Awaswas, or Santa Cruz, is one of eight Ohlone languages. It was historically spoken by the Awaswas people, an indigenous people of California. 

Linguists originally called the language Santa Cruz after the mission in the area but it was renamed to Awaswas as part of a move in the late 1960s and early 1970s by graduate students at the University of California Berkeley to use native names for the Ohlone languages.

History 

The Awaswas lived in the Santa Cruz Mountains and along the coast of present-day Santa Cruz County from present-day Davenport to Aptos. Awaswas became the main language spoken at the Mission Santa Cruz. However, there is evidence that this grouping was more geographic than linguistic, and that the records of the "Santa Cruz Costanoan" language in fact represent several diverse dialects. A report from 1952 identified four different distinct forms of Costanoan and a more recent report from 2009 states, "No area in North America was more crowded with distinct languages and language families than central California at the time of Spanish contact." 

The Ohlone language group is broken into branches with the most related languages grouped together.

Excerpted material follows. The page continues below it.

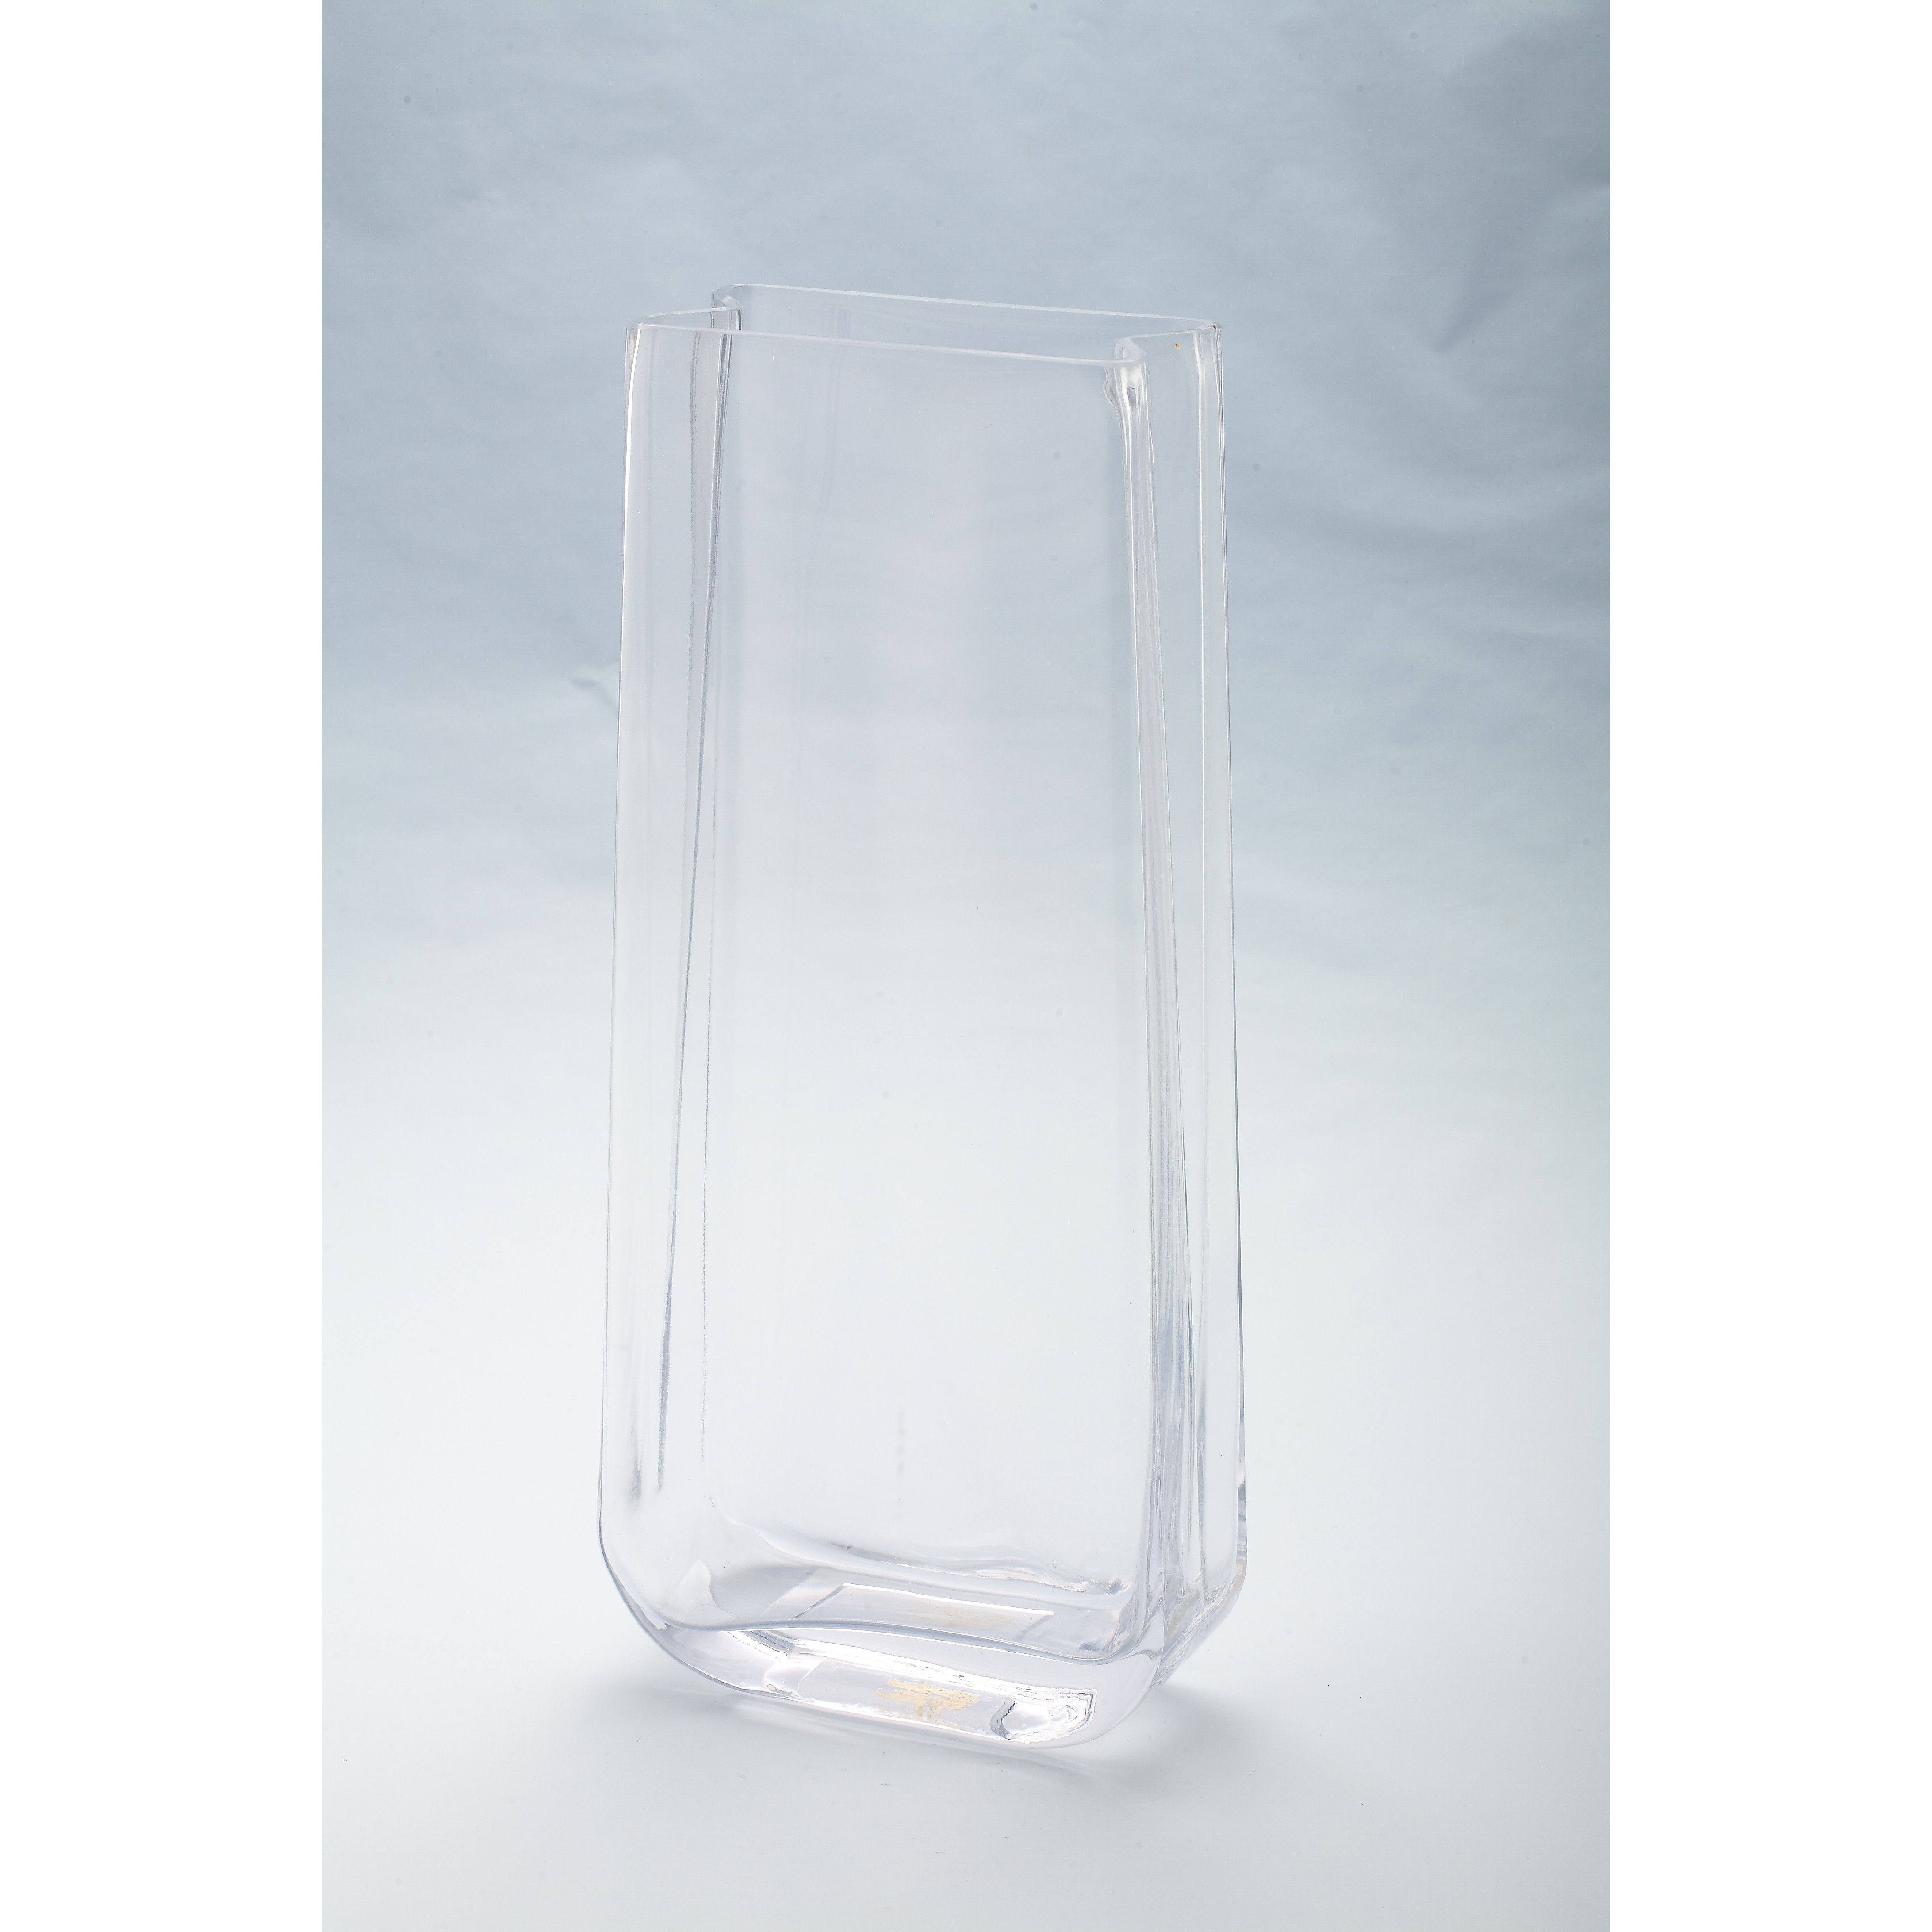 10 Lovable Amazon Clear Glass Vases 2024 free download amazon clear glass vases of gold mercury glass vases lovely diamond star glass vase wedding pertaining to gold mercury glass vases lovely diamond star glass vase wedding rental ideas pintere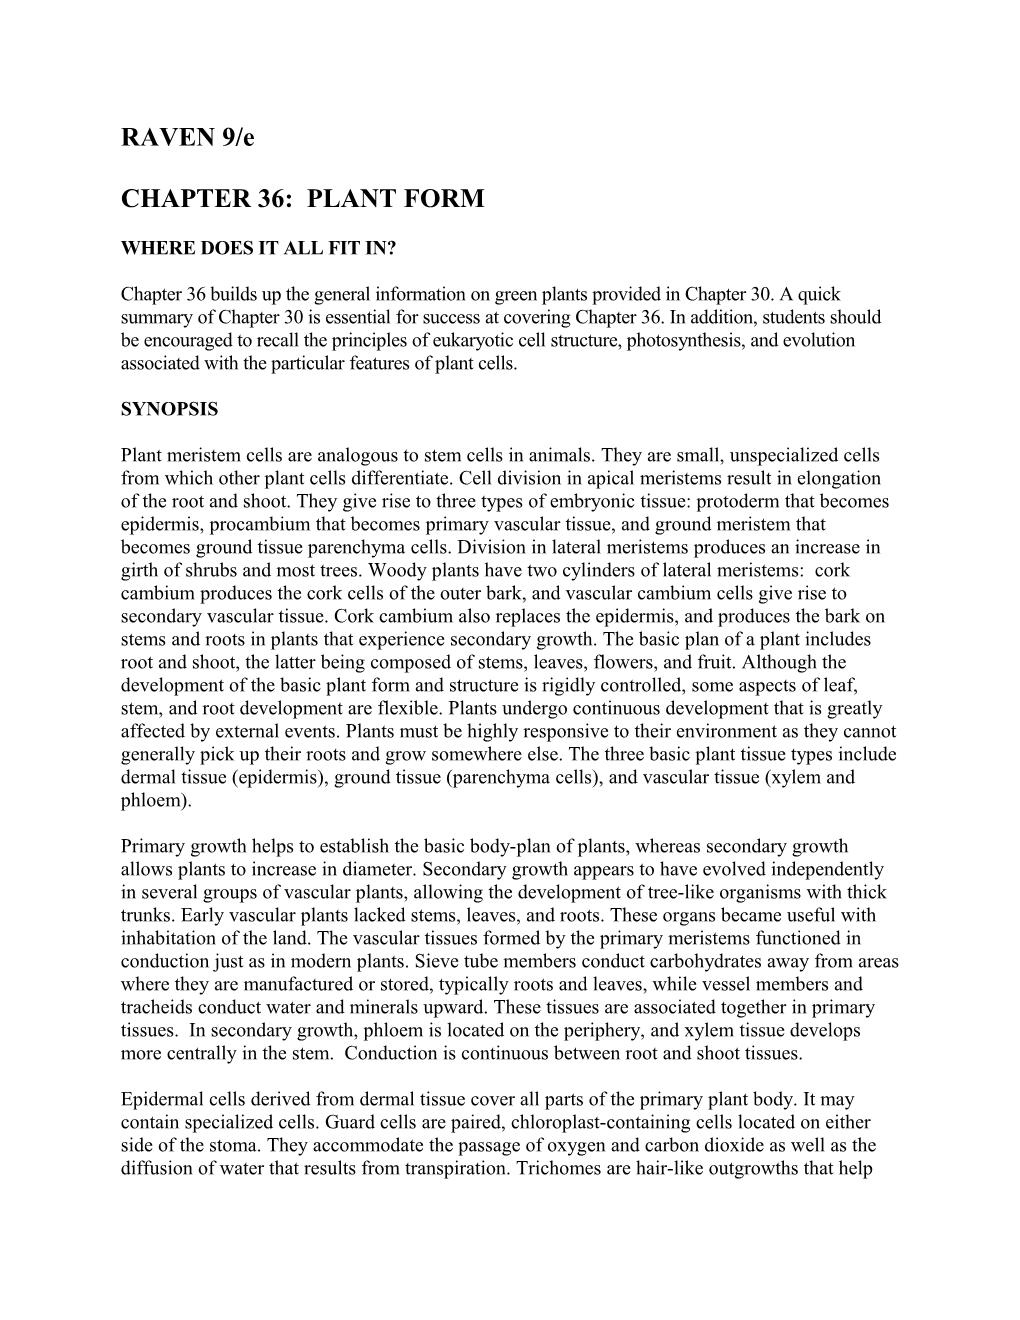 Chapter 38: the Plant Body

Awaswas has been grouped in both the northern and southern branches with different research disagreeing on the best fitting classification. Some branches within the Ohlone language group have been described as being as similar to each other as different local dialects of Italian, while others, such as Rumsen, Mutsun, and Awaswas "were as closely related as French, Spanish, and Portuguese."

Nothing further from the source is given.